Reserve Bank Governor Shaktikanta Das stated on Wednesday that the latest economic growth data presents a “mixed” picture; however, he emphasized that the positive indicators surpass the negative ones.
During his address at Business Standard’s annual BFSI event, Das highlighted that the fundamental economic activities remain robust overall.
“The incoming data is mixed, but the positives outweigh the negatives, and fundamentally, the underlying activities are strong,” Das remarked.
It is important to note that numerous analysts have expressed concerns regarding growth, particularly following the release of official data indicating a decline to a 15-quarter low of 6.7 percent in the first quarter of FY25.
Nevertheless, the RBI continues to maintain its forecast of 7.2 percent real GDP growth for FY25, despite some expectations of a figure below 7 percent.
Das explained that the RBI monitors over 70 high-frequency indicators to formulate its estimates, detailing both the positive elements contributing to growth and the negative factors hindering it.
Negative influences include the industrial production index (IIP) data and a decrease in urban demand observed by fast-moving consumer goods companies.
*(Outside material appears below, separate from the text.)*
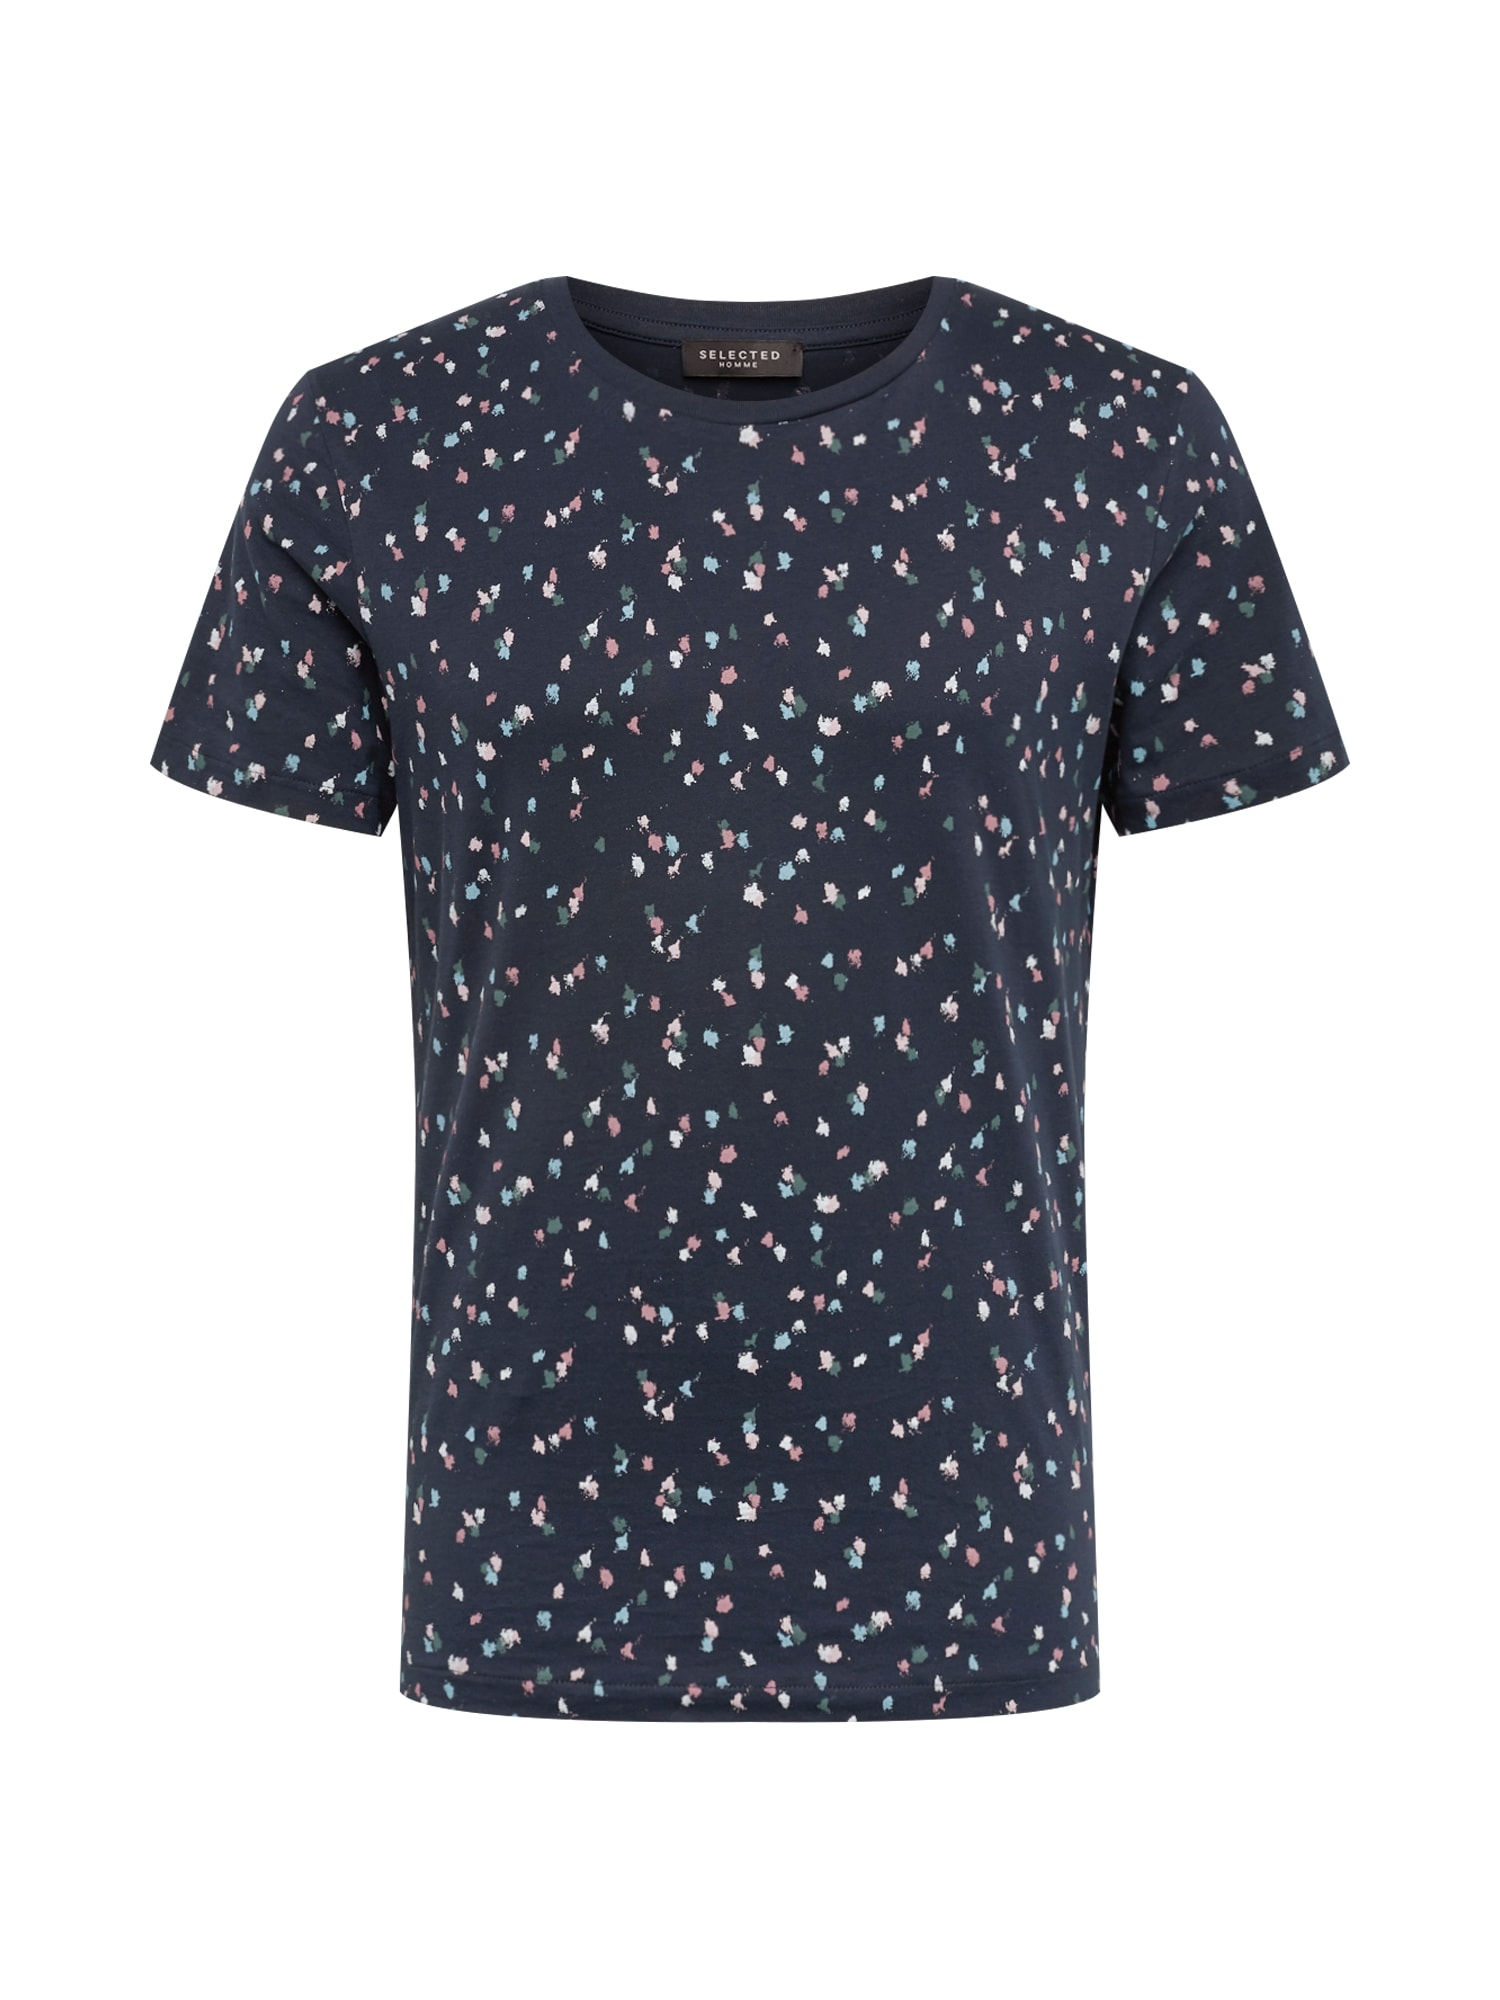 Tričko Sum tmavě modrá mix barev bílá SELECTED HOMME
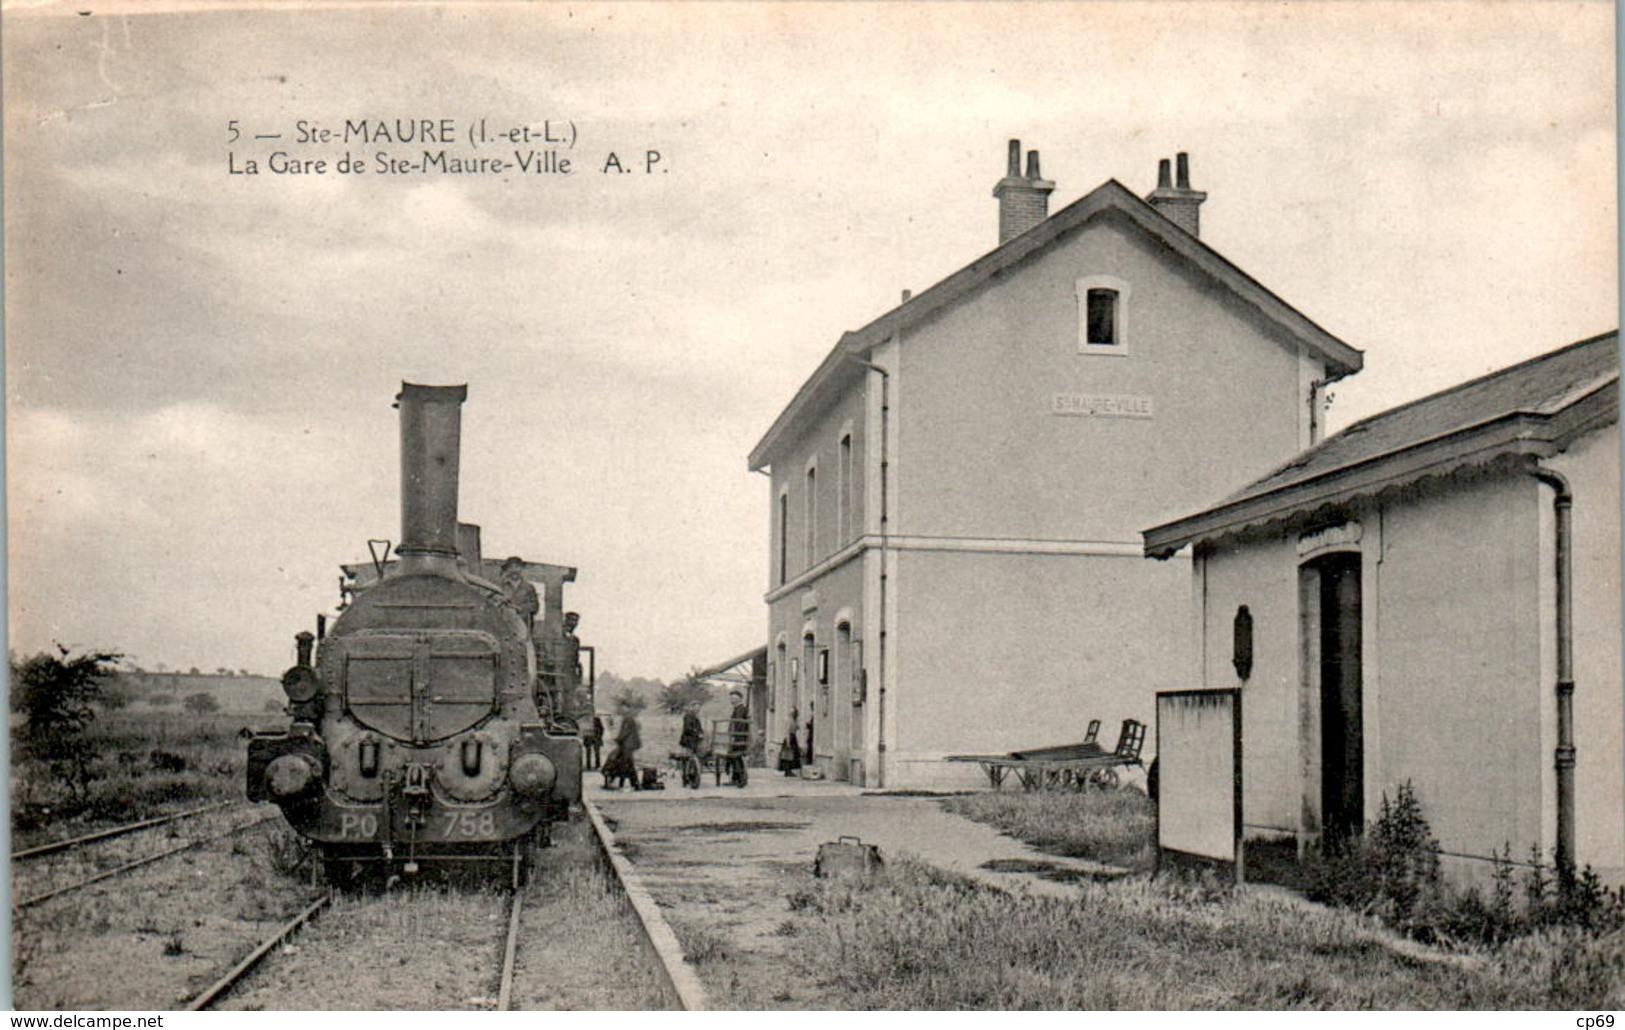 STE-MAURE - Gare De Ste-Maure-Ville The Train Station Locomotive - INDRE-ET-LOIRE N°5 Dos Vert Superbe.Etat - Francia

Furthermore, increased subsidy expenditures in the September quarter are expected to affect the Q2 GDP figures, Das noted.
Conversely, positive developments encompass significant growth in GST e-way bills, toll collections, air passenger traffic, and the performance of the steel and cement industries, according to Das.
In light of recent discussions regarding the auto sector, particularly concerns about rising inventory levels amid declining demand, Das pointed out that the sector has performed exceptionally well in October, achieving a 30 percent growth, which includes a 23 percent increase in four-wheeler sales.
Additionally, he mentioned that both the agriculture and services sectors are also performing well.
“I would not hastily conclude that the economy is experiencing a slowdown,” the RBI governor stated, countering some analysts’ claims that the economy is undergoing a cyclical growth slowdown.